WASHINGTON: When former Deputy Defense Secretary Bob Work heard the head of Google’s parent company, Eric Schmidt, say this morning that America needs a national strategy for developing Artificial Intelligence, one image sprang to his mind’s eye.
“The image that popped into my mind was of Nikita Khrushchev banging his shoe in the UN and saying, ‘We will bury you,” Work said. Work told me Schmidt was “absolutely right” to call for America to come up with its own strategic plan to boost its work on AI, as China recently did. “As Eric said, the US does not have a coherent strategy” for developing AI, said Work, father of the Pentagon’s Third Offset Strategy.
China’s just announced an AI strategy designed to assure it will be dominant in the host of technologies by 2030.
“If you believe this is important, as I believe, then we need to get our act together as a country,” Schmidt said this morning. In a Q and A session at the event organized by the Center for a New American Security, Schmidt said he thought the US will maintain its lead over the People’s Republic of China for the next five years, but he expects China to catch up about then and pass us “extremely quickly.”
How important does China think AI can be? Work told me the Chinese estimate they can boost economic growth with AI by 26 percent by 2030. “It’s quite stunning,” Work said. And, of course, the PRC’s government has published a national strategy and released it to the world.

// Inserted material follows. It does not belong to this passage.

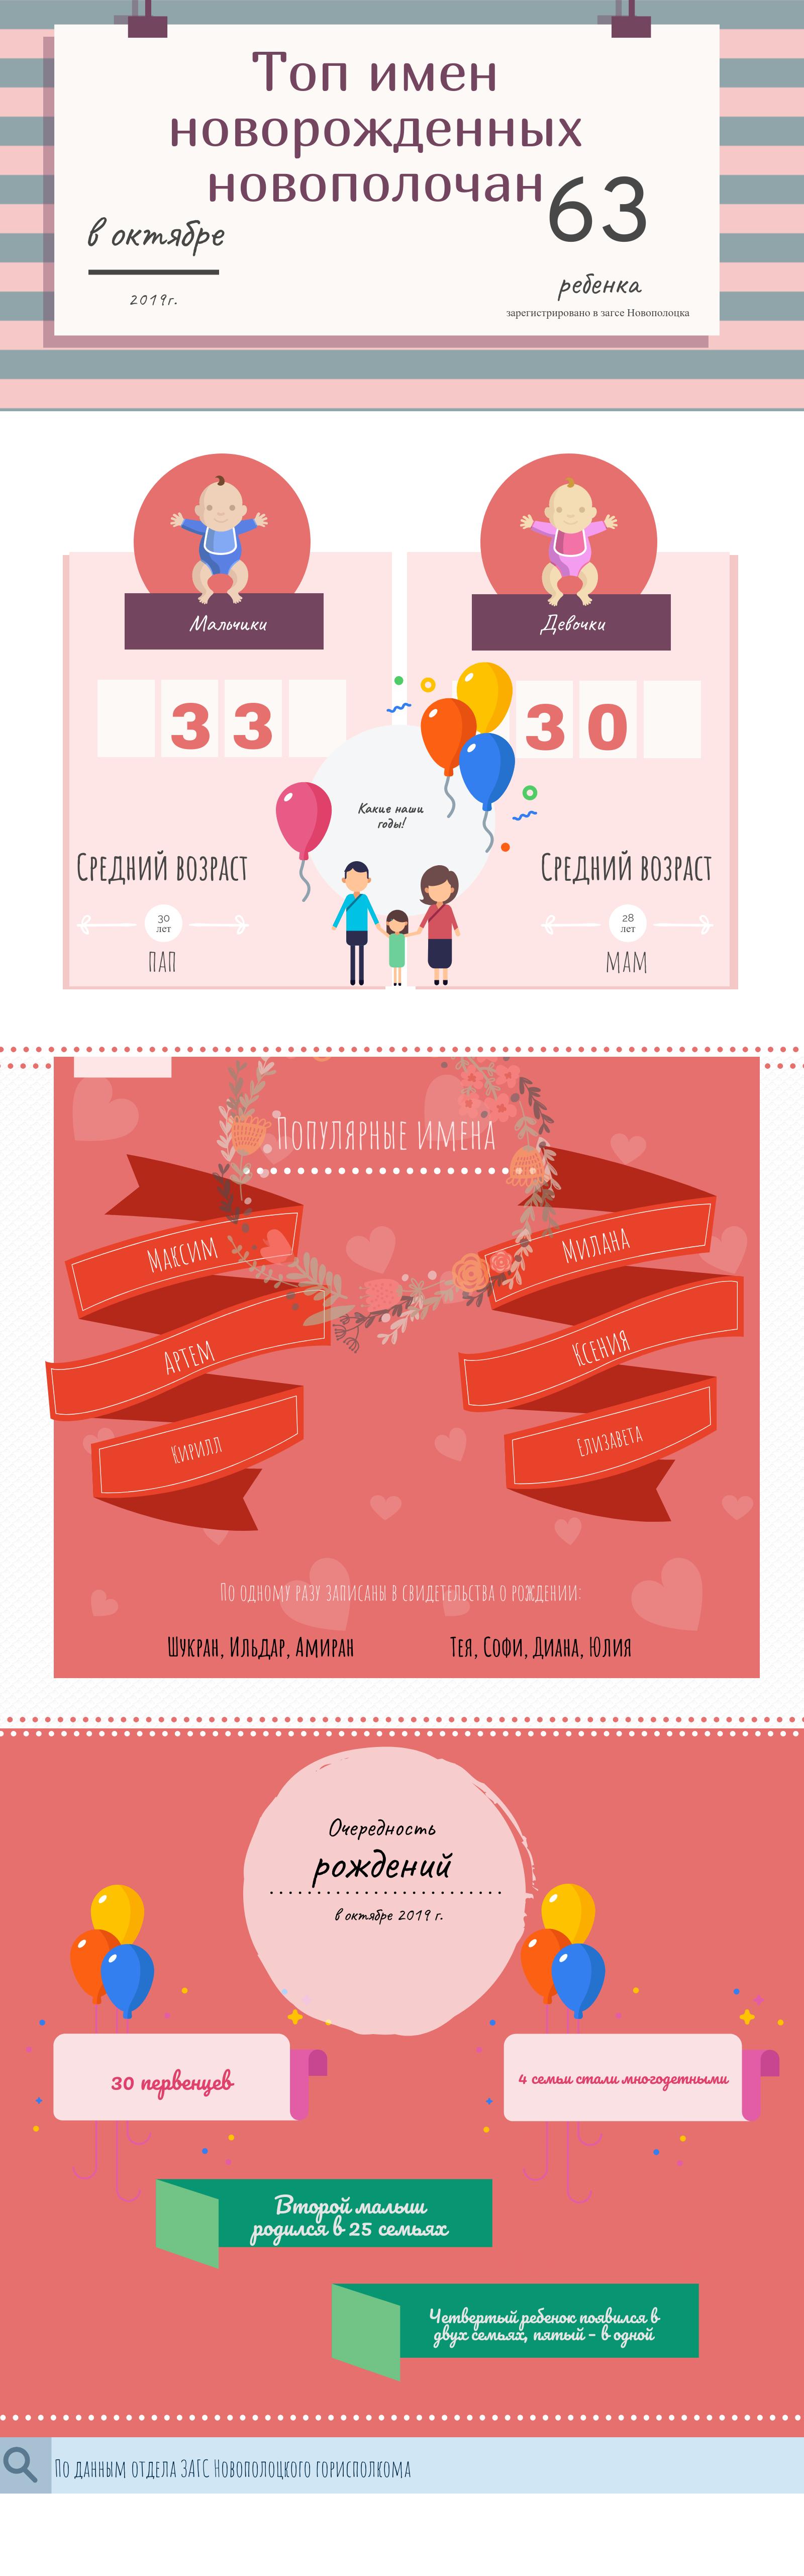 Малыши за октябрь инфографика
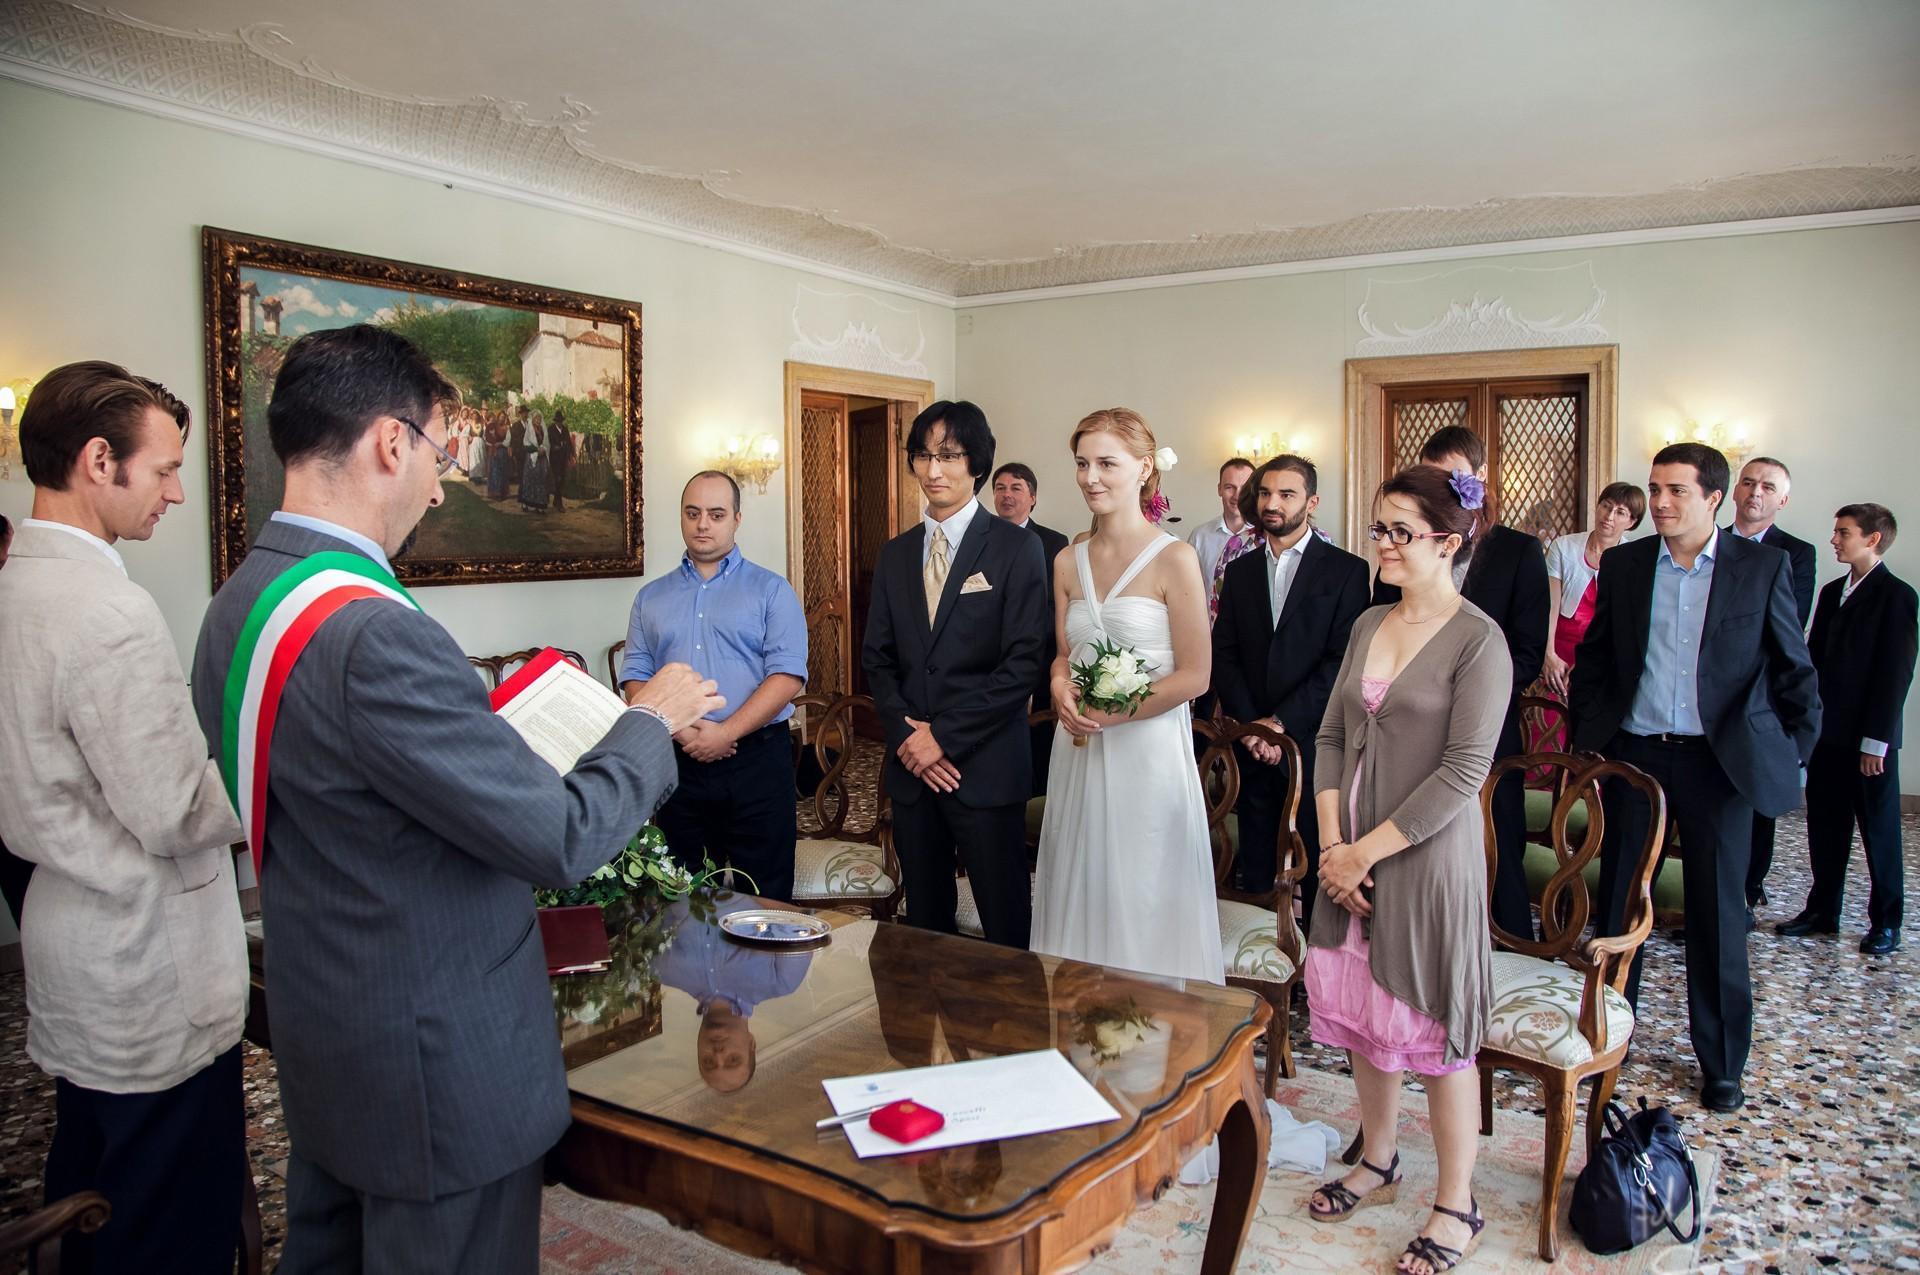 Ślub w wenecji 30 Manuela Luiza & Young Seon Song

What’s the best response by the United States, I asked Work after Schmidt spoke. The federal government needs to answer this question at its highest levels, as happened after the Soviet Union stunned the world and launched the first satellite, Sputnik, Work said. This is not something the Pentagon can fix by itself.
The US should, at least, offer a free education “a free ride” to promising AI students, the former deputy defense secretary said. In return, they would agree to serve in an AI reserve corps, something like a cross between the Reserves and National Guard. They could work for Alphabet, Facebook or any other company and make lots of money while also providing their unique skills to their country.
A colleague and I pressed Work, asking him if America was likely to undertake such a major effort, barring a catalytic event that strikes fear into the voting public, as Sputnik did. His reply is worth noting: “If we wait for the Sputnik moment, we will be too far behind.”
In related news, Work said he understands the Algorithmic Warfare Cross-Functional Team is on track to deploy its first algorithm by December to sort through vast amounts of video collected by surveillance drones, a flood of data that’s overwhelming human analysts. Schmidt made the point during his remarks that the Defense Department wastes the talents of many of its highly trained personnel watching video screens and typing information from one system into another. That is exactly the sort of important, but mundane and mind-deadening work that AIs can take over from humans, Schmidt said.
Finally, Schmidt, one of the few top software or social media executives to openly work with the Pentagon as chairman of its Defense Innovation Advisory Board, also made the point that the United States risks much by excluding talented immigrants from the country. “Shockingly, some of the very best people are in countries where we won’t them into America.”
Iranians, for example, are some of “the smartest and top computer scientists in the world,” he said. He’d love to hire many of them, but Trump administration policies make this extremely difficult. “It’s crazy not to let them in,” Schmidt said.
The president today slammed the immigration laws that allowed the coward in New York who killed people with his truck to enter the country. The person is from Uzbekistan, which, of course, isn’t on the administration’s list of countries whose citizens were effectively barred from the US by Trump’s September executive order. (The judiciary has, so far, barred the administration from executing the order.) As a reminder, the order targets Iran, Libya, Syria, Yemen, Somalia, Chad and North Korea. Chad, of course, had provided extensive help to the US and allies in the fight against terrorism in Africa. And who can count the number of North Koreans streaming into the United States?